When giving advice, my first question is usually 'Why?'. This is as it helps to understand where someone is coming from. Often, when I ask 'why microarch?' the response is 'I want to learn X' or 'I want to X'. My response is usually that microarch does not teach X very well. At which point we look at the registrar and I recommend some of the great classes at UT which teach X better. For some common X, I might say:

Microarchitecture --> CS395T: Prediction Mechanisms in Computer Architecture
How computers work --> CS 380L Advanced Operating Systems
How to get high performance --> EE 382N - 20-Comp Arch: Parallelism/Locality
How to build an IC/CPU --> EE 460R, Introduction to VLSI Design
How to make X work --> EE 382M – Verification of Digital Systems

To this day, I don't think this has convinced anyone to change course. The initial stated motivation was inaccurate. After a bit more talking, we usually get into one of three core motivators: Desperation, Prestige, Challenge. Desperation to get a job, hoping that microarch will tip the scales. Prestige that comes from doing something that is known to be difficult. Or just the challenge seeking behavior that gets a student into a good school in the first place. These motivations are somewhat similar, especially in the way they make you shrug off warnings of difficulty. The warnings only add to the allure.

To be clear, Microarch is difficult. Just in a 'reducing a pile of boulders into dust' way. I think detaching from the class when describing the journey will help make the feelings this class invokes more clear. Imagine you sign up to just 'reduce a pile of boulders into dust'.
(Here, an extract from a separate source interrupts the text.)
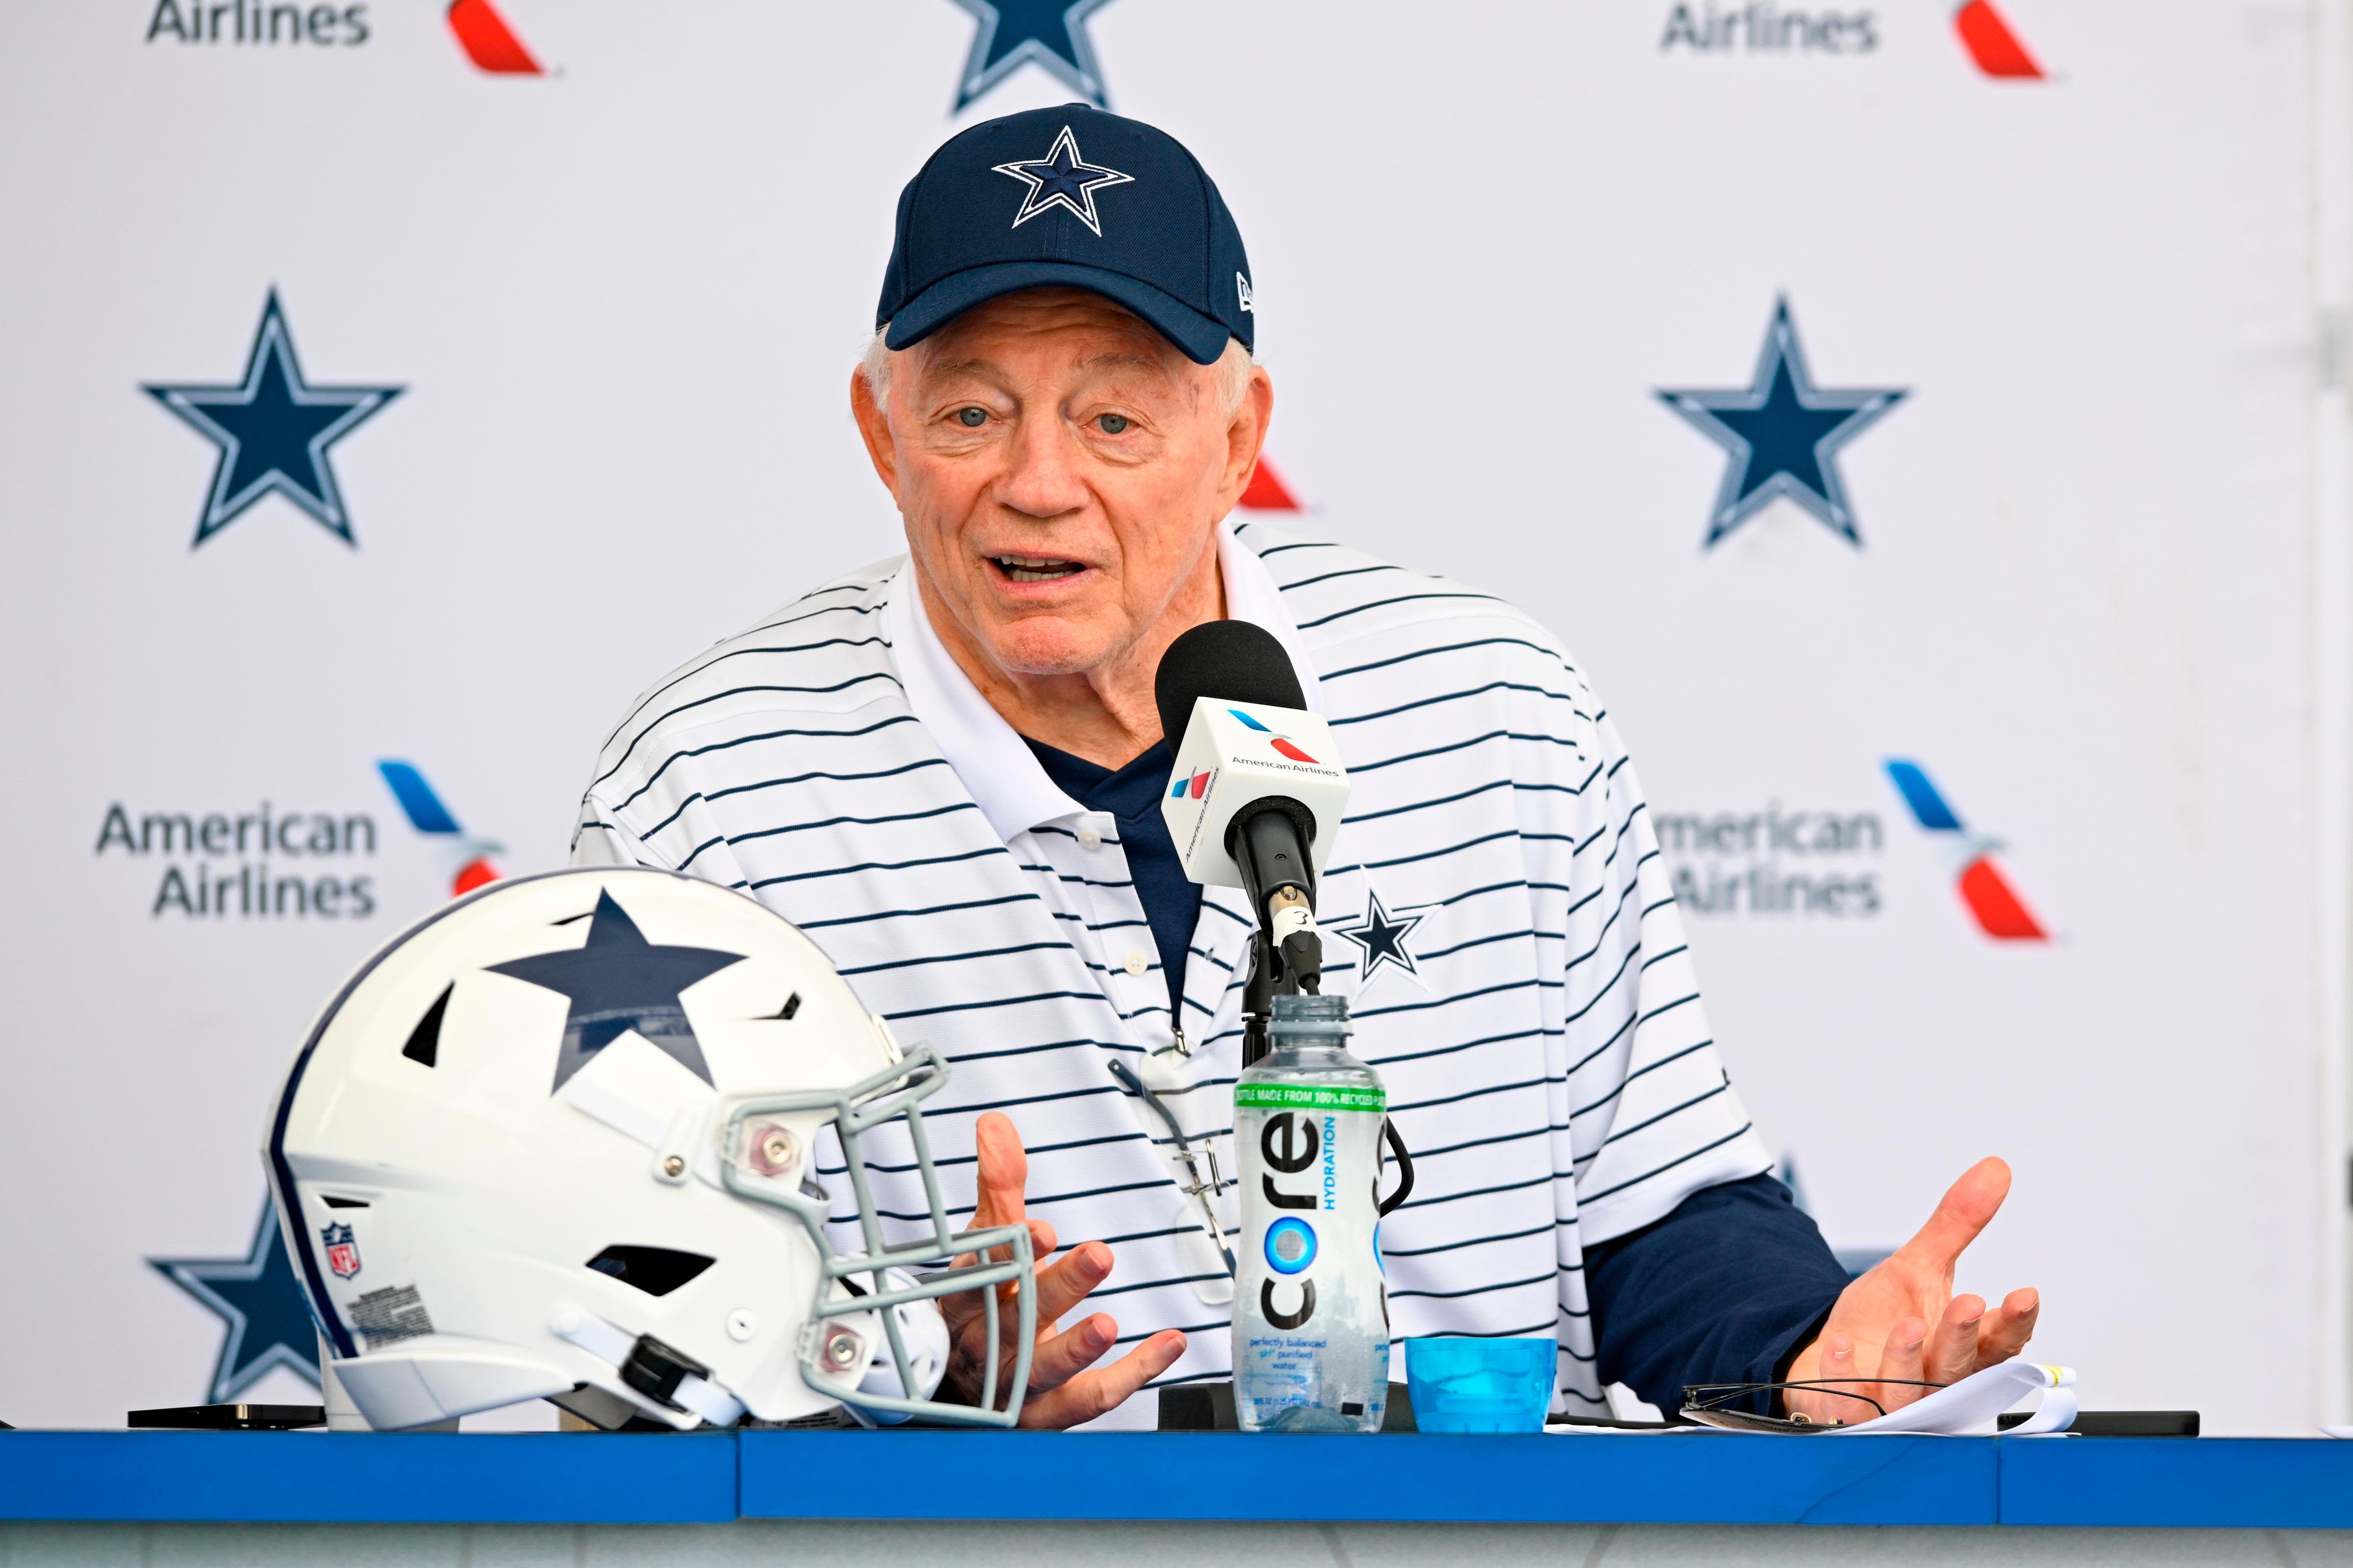 Jerry Jones: Dallas Cowboys owner apologizes for using derogatory term for little people | CNN

Picture of man attempting to move a boulder.

I am sure this picture is unrelated.

You don't know a lot about boulders, but how hard can it really be to get a couple? You have spent a lot of time on the beach, and know a LOT about sand after all. People say microarch is difficult, so you and your friends form a team eyes wide open.

As it turns out, finding boulders is very difficult. Once you do find a boulder, it is much larger than your time with sand led you to believe. The implicit concepts of a plan you had to 'just make a pile' when first considering the problem immediately proves inadequate. So you start trying to reduce scope, except scope is what brought you here. You are sure the next boulder will be easier anyways.

Needless to say, it takes a long time to get the project to 'step 1: pile of boulders'.

Eager to make up time you are tempted to jump into the real work. Although you aren't allowed to use external tools, you are given a hammer. Swinging a hammer is easy. At first, there is a certain visceral pleasure in breaking larger rocks into smaller rocks. Eventually you realize the costs. Your arms ache. You haven't slept. Your other responsibilities are catching up with you. In my year, everyone I knew who took the class got dumped including me. The recursive nature of the problem becomes painfully apparent. Each rock keeps becoming two. Smaller rocks much easier to break.You wish for a better tools. But there is so little time. The best you can do is attach a large rock to the hammer. It is harder to lift, but at least it takes fewer swings. Besides, you would have to stop smashing rocks to get a better tool. So, over and over and over and over again down the hammer comes.

At the end of it, when you have reduced a hill into a sand pit, you will feel pride, loss, and exhaustion. Was it a good use of your limited life? Well, it depends how much you enjoy having sand and how little you value your time.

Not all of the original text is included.